The first line of defense to reduce the likelihood your password will get hacked by someone guessing or software trying to hack your password, is to create more complicated passwords.  When you create a password, try not to use names or items that are important to you.  In other words, if someone broke into your home and found baseball memorabilia all over your office and a poster of one ball player, do not set your password to that ball player's last name.  This may be an obvious example but people often use their children's or pet's names and anniversary dates as passwords.  These types of passwords are easy to guess and therefore put your data at risk.  Instead, make sure you use a password with some randomization, at least eight characters, and substitutions.

The best passwords use upper and lowercase letters, numbers, and special characters when they are supported.  Remember, the longer the password is the longer it takes to hack even if clever password hacking software is being used.  Some examples of how to take regular passwords and strengthen them are shown below:

  • downtherabbithole becomes d0WntH3r@BB1th0L3
  • todayisagreatday becomes t0D@y1s@gR3@tD@y
  • leavemystuffalone becomes 13@V3MyStuff@10n3
  • ilovejillian becomes 1L0v3j1!!1@N (even though we would not recommend using a password like this, we list this example to show ways the password can be modified to be more secure since some people will still use this format of password)
Another way people put their information at risk is by logging into accounts and checking the box to "Remember Me" which remembers their credentials so they are automatically logged in next time they visit the website.  While this is the easiest and sometimes more efficient way to gain access to accounts on your personal computer, think of how easy it would be for someone to gain access if you lost your laptop or it was stolen.  If you absolutely cannot stand to log into each different account, make a compromise with yourself and choose to always log into those accounts that have a credit card on file.  No matter what you do, do not set up automatic log ins to personal accounts on computers or devices that do not belong to you, or devices that other people use, including work computers.

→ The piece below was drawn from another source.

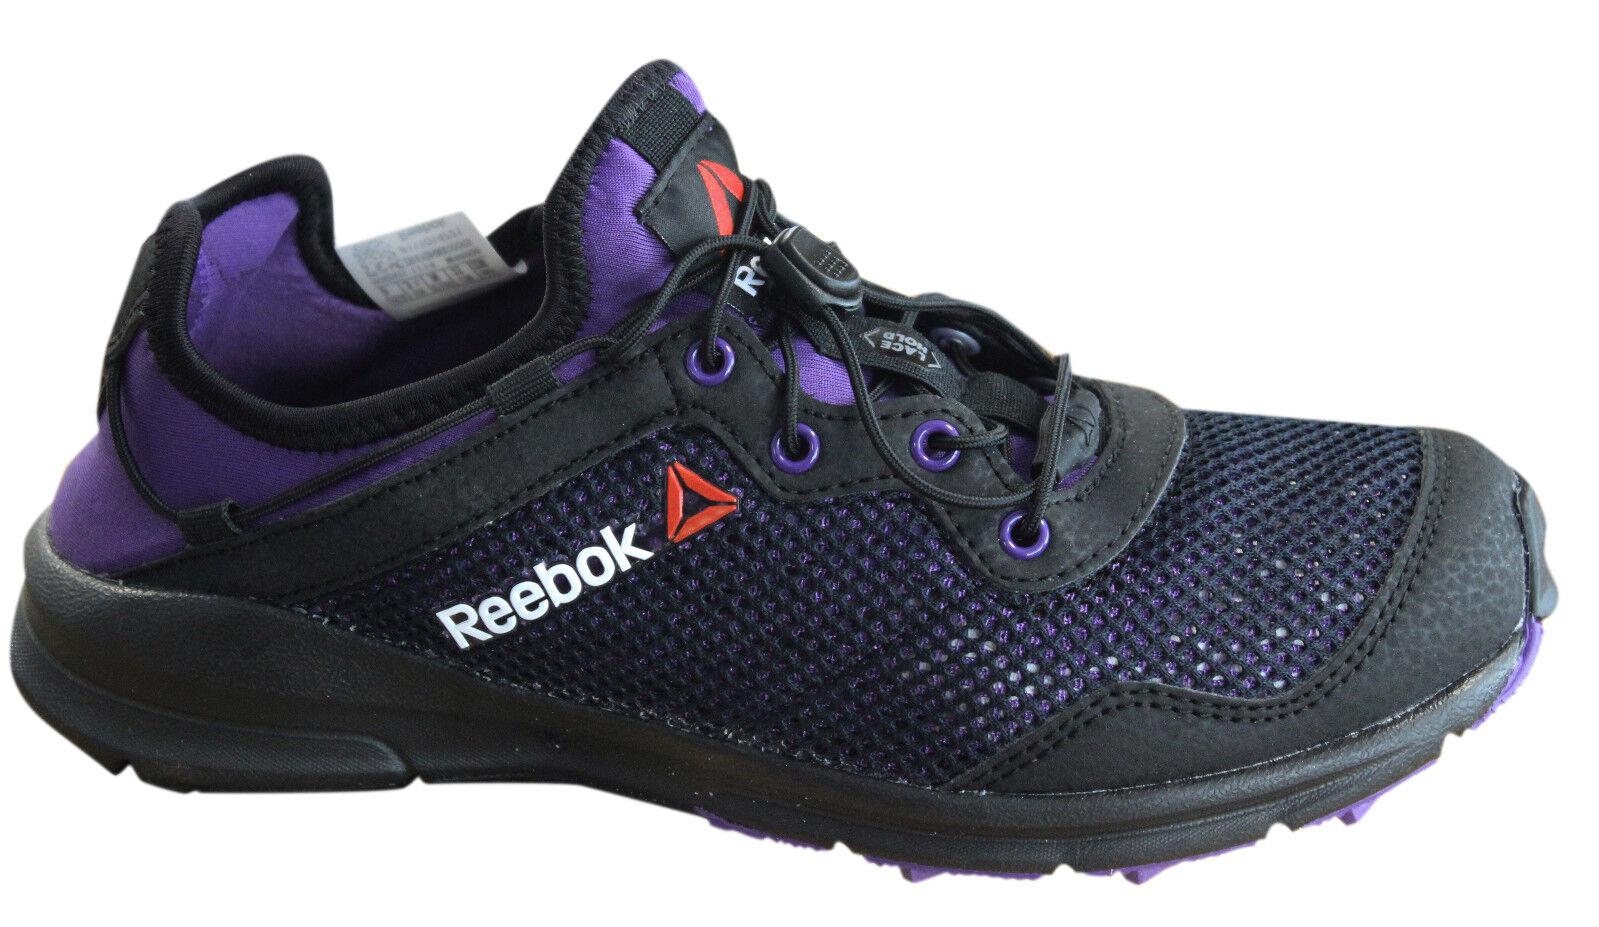 Reebok Trail uno Rush alternar Up Negro Púrpura Zapatillas para mujer M44998 P6

Make sure you do not write your passwords down and  keep them in plain text documents or in site.  This may seem obvious but often passwords can be found written on small pieces of paper and hidden under keyboards, mice pads, or in desk drawers.  Anyone who has gone to the trouble to break into your home or office will surely find these "hidden" passwords.  Instead, keep passwords in a file that is encrypted, or write them down and store them in a safe deposit box or other protected location.

Lastly, protect yourself by using a few different passwords with the accounts you create.  This works because if someone happens to get your password, whether they hacked you directly or a company you had an account with was hacked, they will not be able to gain access to every other account you have if you use different passwords.  This is especially important if you use the same user id when you create accounts.  To best protect yourself, use a few different user id's and passwords when creating accounts.  Doing this will reduce the likelihood someone who has gained access to one of your accounts will be able to gain access to additional accounts.

Taking these steps will seem tedious at first, but they can help prevent much more pain at a later date if you follow them.